Will a London Grand Prix ever happen? Eight years ago, in July 2004, there was a parade – conducted with some vigour – of Grand Prix cars on Regent Street, featuring such as David Coulthard, Martin Brundle and Juan Pablo Montoya. Another to take part was Jenson Button, who not surprisingly is strongly in favour of a race: “When we did that demonstration, half a million people came out to watch – I remember thousands of people on rooftops and balconies along the route…”

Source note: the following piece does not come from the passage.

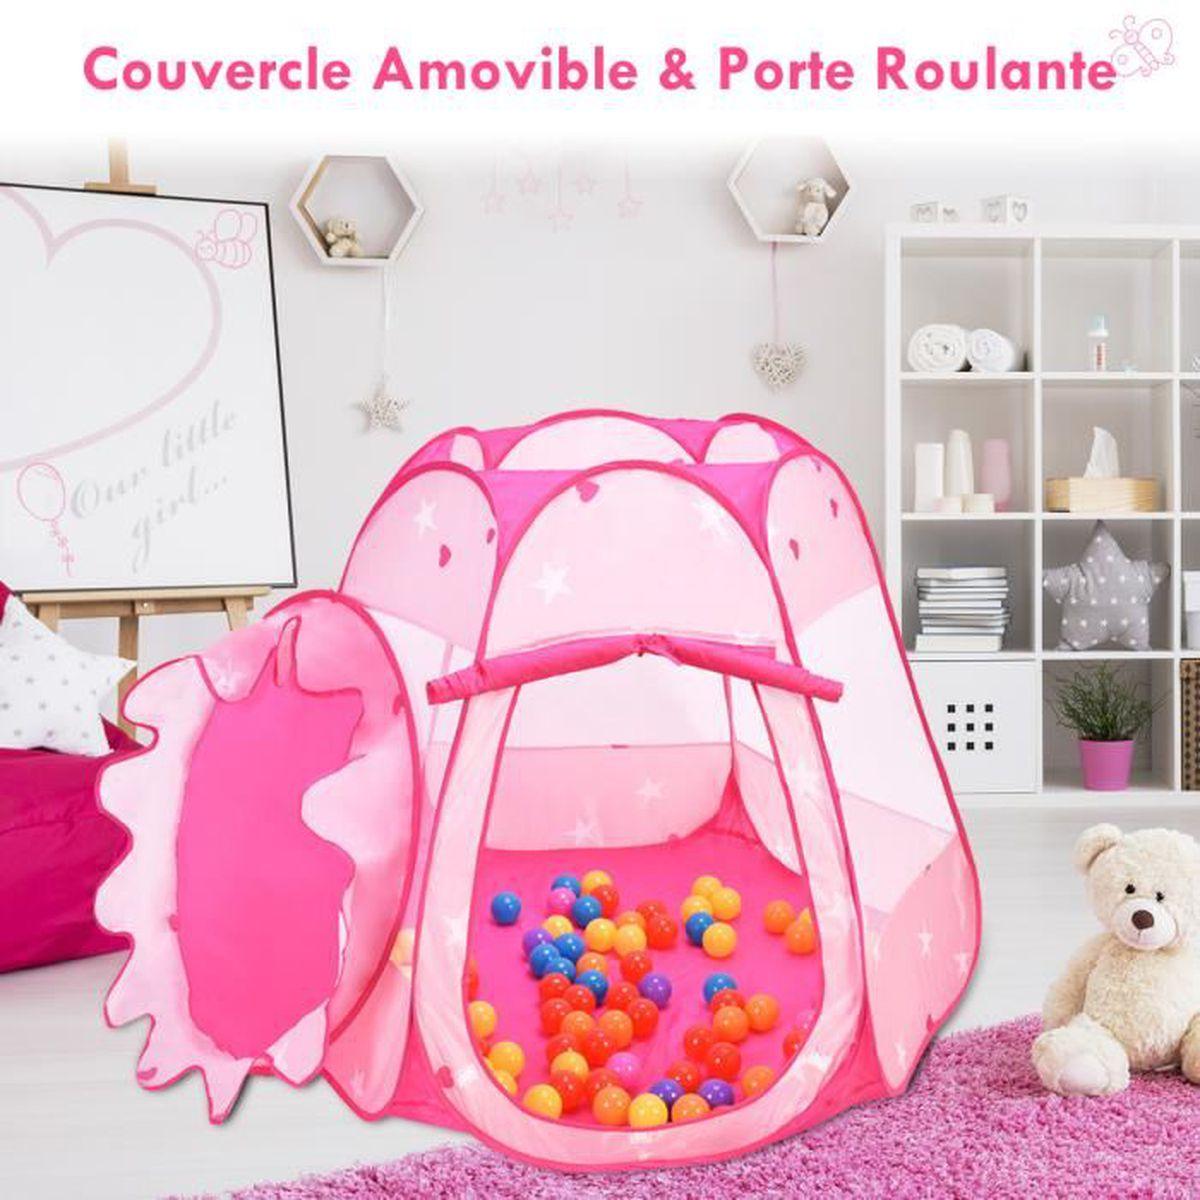 tente de jeu pour enfants maison jouet b b pop up 100 boules a picines boules achat vente. Black Bedroom Furniture Sets. Home Design Ideas

No question, it would indeed make a fantastic spectacle, although one quakes at the thought of the logistics involved in ‘closing’ a chunk of the nation’s capital for several days. Not long before the F1 demonstration Ecclestone said, “There’s a very good chance that a race will happen – we’re working on it…”
Cynics – God, they’re everywhere, aren’t they? – suggested that this was merely a ploy, a means of putting pressure on Silverstone, with whom Bernie was then at financial loggerheads. He insisted, though, that it was serious, that he had discussed it with Ken Livingstone, whom one had not previously regarded as a bastion of capitalism, but who nevertheless came out with his own endorsement of the project: “We would need to negotiate about (sic) routes and costs” – the work of a moment, surely – “but I’m definitely backing a Grand Prix for London.”
One would have thought Boris Johnson rather more likely to be in favour of such a thing, but at this point I’m not inclined to take the proposition too seriously. I hope I’m wrong, because it’s something I would love to see, but…in 2007 Ecclestone said that plans for a London Grand Prix had been canned: “I spoke to the mayor about it a couple of years ago, and he was very supportive – but we came to the conclusion that it would be too expensive…”
Was it, he was asked, an idea he might return to one day? “No,” said Bernie, “I’ve got too many other things to think about.”